Recibir regalos de personas que amas, con contenido amoroso para hacerte sentir lleno de amor, no tiene precio. Gracias a mis padres, por hacerme este tipo de regalos. Hoy y siempre los amaré…

EL REGALO: Un fin de semana desconectada del mundo. Dos días completos metida en un hotel con gente que en la vida había visto. Viviendo momentos en que estuve a punto de salir corriendo. Instantes mágicos que no entendía porque estaban pasando. Pensamientos, emociones y acciones en un sólo paquete. Un regalo de fin de semana que terminó siendo un regalo a mi propia vida.

Los que me conocen desde hace unos años, saben que me va todo este rollo espiritual. Cursos, terapias, talleres, vivencias, y personas con una energia especial me atraen si o si. Saben, que cada vez que puedo prefiero invertir en mi, que en cosas materiales. Simplemente porque trato de alimentar mi alma, en lugar de alimentar mi cuerpo.

Taller: Amate a ti mismo, sana tu vida

Esta vez, como casi todas las veces cuando queremos sanar-nos, el ingrediente fue el AMOR. Un viaje “amoroso” visto desde las creencias, los prejuicios, el miedo, la rabia, la compasión, el perdón, y la liberación.
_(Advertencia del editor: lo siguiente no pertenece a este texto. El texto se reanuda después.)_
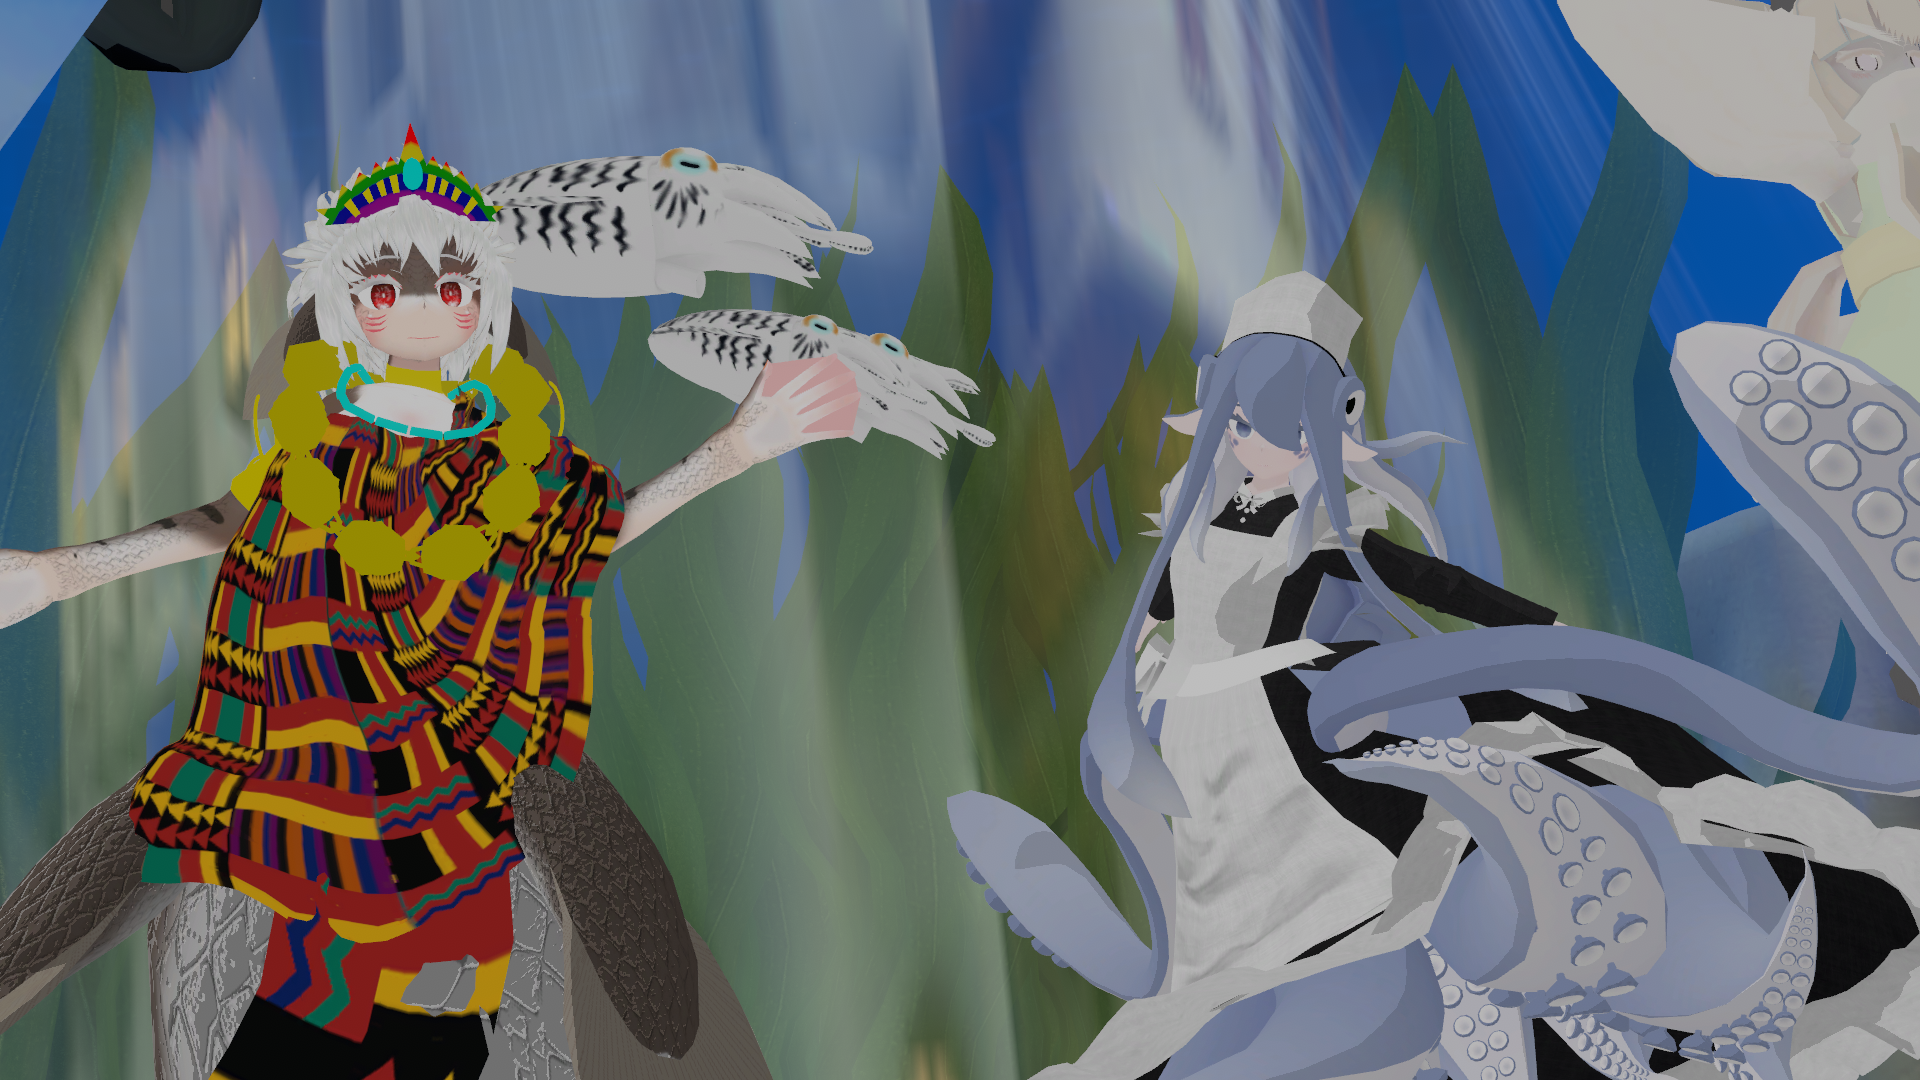 VRChat_1920x1080_2021-12-05_03-52-30.929.png

Todo esto vivido en medio de juegos, visualizaciones, meditación, y auto observación a tu parte interior para luego darle la mejor medicina a tu alma: una pastilla de amor compuesta de tu misma escencia y tus valores (si, esos mismos que tienes y valen mucho la pena).

Lloré (más de lo que me imaginé), rei (como lo imaginé), abracé (tanto como nunca pensé hacerlo) y me conecté con lo que me activa al poder del corazón para permitir amarme a mí misma, y a las personas que tengo a mi lado. Tuve rabia, reconocí mis errores, pedí perdón y sentí paz liberándome de cosas que no valen la pena desgastarnos.

Gracias una vez más a Mery (mi mamá), y a Jorge (mi papá), por ser el motor de esta historia que hasta ahora empieza. Gracias a Susana (mi coach) por su iniciativa en la realización de este tipo de talleres desarrollados por Louise L. Hay. Gracias a mis compañeritas de taller por transmitirme mensajes de amor. Gracias a la vida (a esa misma que ahora me estoy comiendo con locura) por permitirme vivir este tipo de experiencias que desde ya hacen parte de mi equipaje espiritual.